A couple of weeks ago, some literary wags started tweeting that we should #OccupyAvonlea, the fictional home of that infamous anarchist green hair dye fan Anne of Green Gables. Since, comic book characters have occupied Gotham and Metropolis. But Gotham seems like it would be a dangerous place to camp out in (and how much park space does it really have?), and Avonlea’s a little remote to keep an occupation going. So here are the five best fictional places to occupy:
1. Sunnydale: One of Scott Eric Kaufman’s students suggested it would be a bad idea to occupy a town that’s built on a Hellmouth. But given security concerns at Occupy encampments around the country, there could be a definitive advantage to having a slayer on the prowl, keeping an eye out for vampires and sexual predators alike. And Buffy and the Scoobies have special experience in taking down nefarious mayors, so Occupy Sunnydale wouldn’t have to worry about getting kicked out of their encampments:
2. Pawnee: Leslie Knope can conjure parks out of pits. She can throw harvest festivals while dispelling Native American curses. She can program repeated end-of-the-world vigils. She summons baseball fields out of vacant lots, and at next to no cost. As a mainstream Democrat who’s deeply invested in the electoral process, Leslie might not be fully on board with the alternative world-building element of the Occupy movement, but the woman can handle a logistical challenge. Occupy Pawnee would have the best tents, the most Port-a-Potties, and the tastiest Reasonablist-provided donuts:
3. Nellyville: St. Louis rapper Nelly’s created a fictional kingdom that sounds like a pretty great place to hang out. As he explains, it’s a town that’s already committed to rectifying income inequality, where “all newborns get half a mill” — so much for pesky student loan debt — paper boys have Range Rovers, the town’s redeemed the false promise of “40 acres and a mule” with “40 acres and a pool,” and the weather’s determined by democratic vote (if not by consensus). Still, Nellyville’s gender politics and criminal justice could use some work — automatic executions for murder are a little harsh.
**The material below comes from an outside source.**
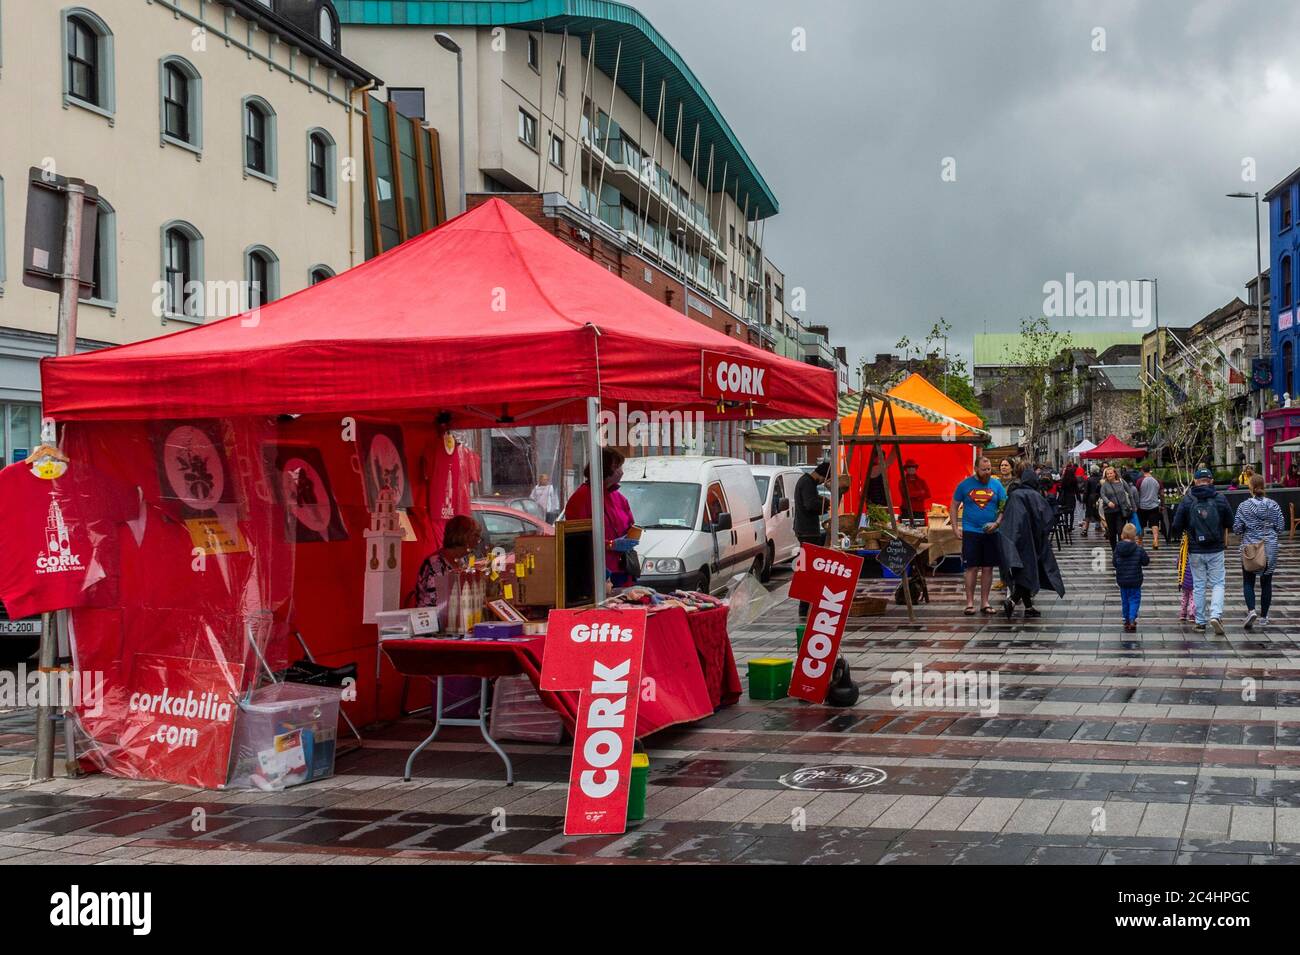 Cork, Ireland. 27th June, 2020. Cork City was busy with shoppers today, as things get back to a new normal after the Coronavirus lockdown. The Saturday Market on Coal Quay was very busy. Credit: AG News/Alamy Live News Stock Photo

4. Westeros: If the Occupy movement would be about perfecting a society that’s in decent shape in Nellyville, Occupy Westeros would be a somewhat more urgent proposition. After all, in this shattered kingdom, the 1 percent don’t just control most of Westeros’ wealth: they can rape and murder members of the 99 percent with impunity. There would be logistical challenges, too. In Westeros, when they say winter is coming, they don’t just mean you’re going to have to keep taking snow-soaked sleeping bags to the laundromat to dry them out until April. But holdfasts are easier to defend than public parks. As are giant walls made of ice. And nothing brings the 99 percent together faster than hordes of ice zombies:
5. The Ministry of Magic: Those sections of Harry Potter and the Deathly Hallows may have turned off a lot of readers, but they mean that some of the most politically potent figures in magical Britain have a lot of camping experience. Plus, the ability to have tents that are bigger on the inside than they are on the outside solves overcrowding, and Hermione’s enchanted purse would solve a lot of logistics problems. Given that income inequality has a discomfiting tendency to produce a lot of genocidal racists in the country’s wizarding community, pushing the Ministry towards a more just economic system and more tolerant policies towards Muggles can go hand in hand.